Fig. 2. Flowchart of LAA DL LBT procedure.

Table 1. Channel access priority class for downlink.

Note 1: Defer period is different for different priority class. Details are omitted here for brevity.

Note 2: MCOT of 8 ms for priority classes 3 and 4 is used in the presence of other technology; MCOT of 10 ms is used otherwise.

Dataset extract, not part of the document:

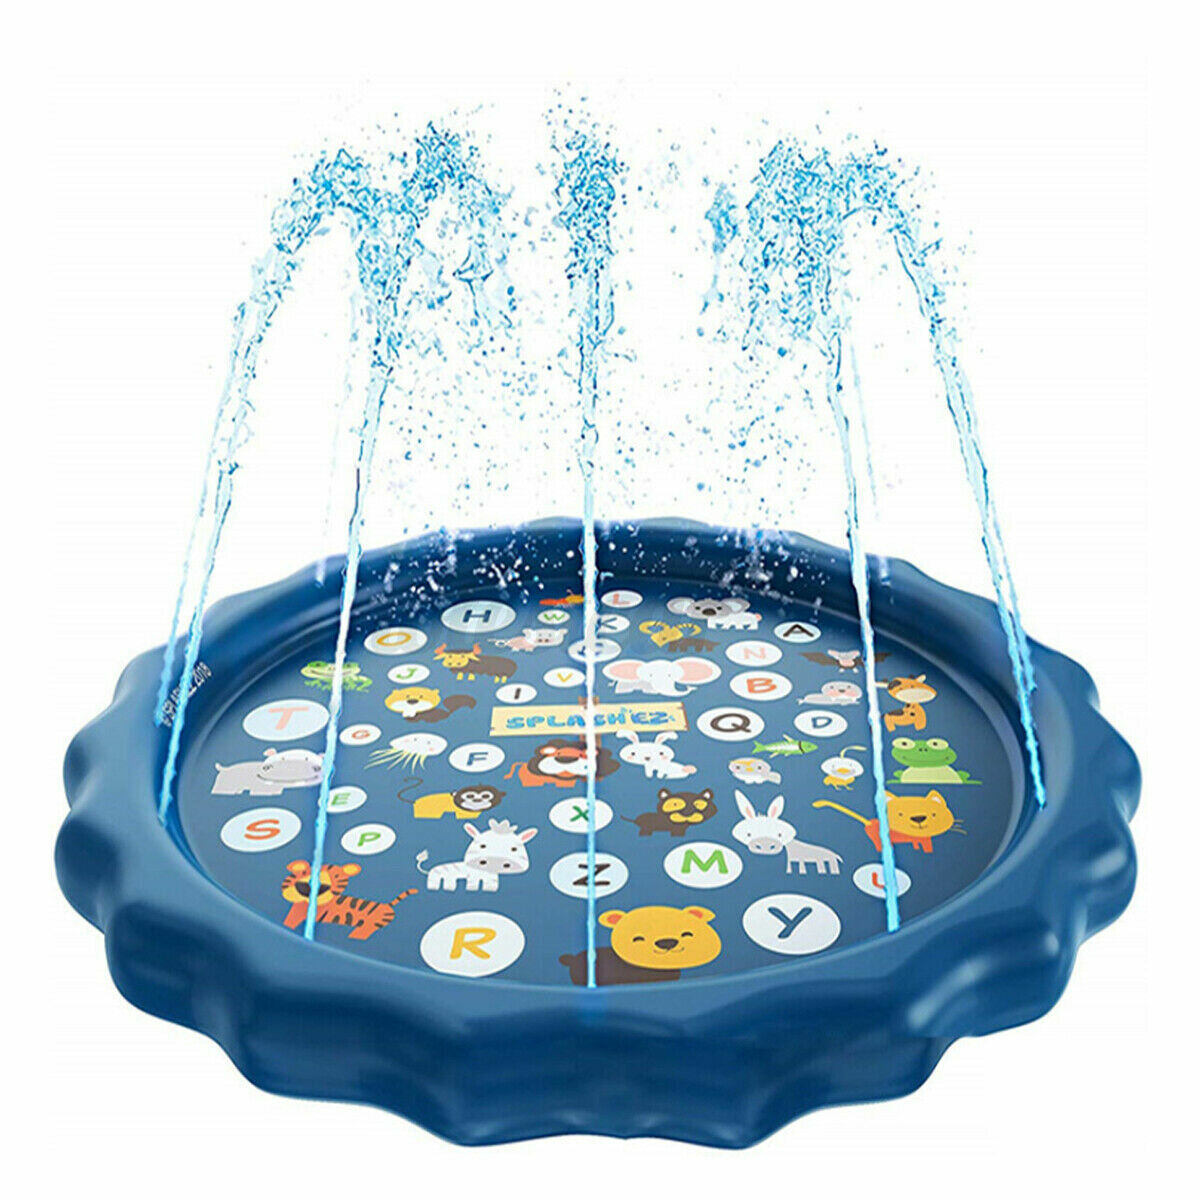 Sprinkle Play Mat Sprinkler Pad for Kids Sprinkler Pool for Children Outdoor Water Toys Learning Edu

ED Threshold. Since the ED threshold determines whether or not a channel is occupied, it is one of the most critical parameters concerning co-existence. The 3GPP has adopted a scenario-dependent ED threshold adaptation rule. In the presence of other technology, such as Wi-Fi sharing the spectrum, the ED threshold (TH) is given by

(1) $$TH = max\left\{{\matrix{{- 72 \;{\rm dBm}\;(20 \;{\rm MHz}),} \cr {min \left\{{T_{max},T_{max} - T_A + (P_H - P_{TX})}\right\}} \cr}} \right\},$$

where $T_{max} =-75\, \lpar \hbox{dBm}/\hbox{MHz}\rpar +10.\log_{10} \lpar B\rpar $ , B is the single channel/carrier bandwidth in MHz, T A is an adjustment parameter that depends on the transmission type (10 dB for data and 5 dB for Discovery Reference Signal (DRS)), $P_{H} =23\, \hbox{dBm}$ , and P TX is the maximum base station (eNB) output power in dBm set for the carrier. For example, at P TX of 23 dBm (typical for an indoor deployment scenario), the ED threshold for data transmission over a 20 MHz channel is −72 dBm, whereas the ED threshold for DRS transmission is −67 dBm. Nevertheless, the ED threshold is allowed to increase in case of wider channel bandwidth (while keeping the total transmission power constant) or in case of a lower total transmission power.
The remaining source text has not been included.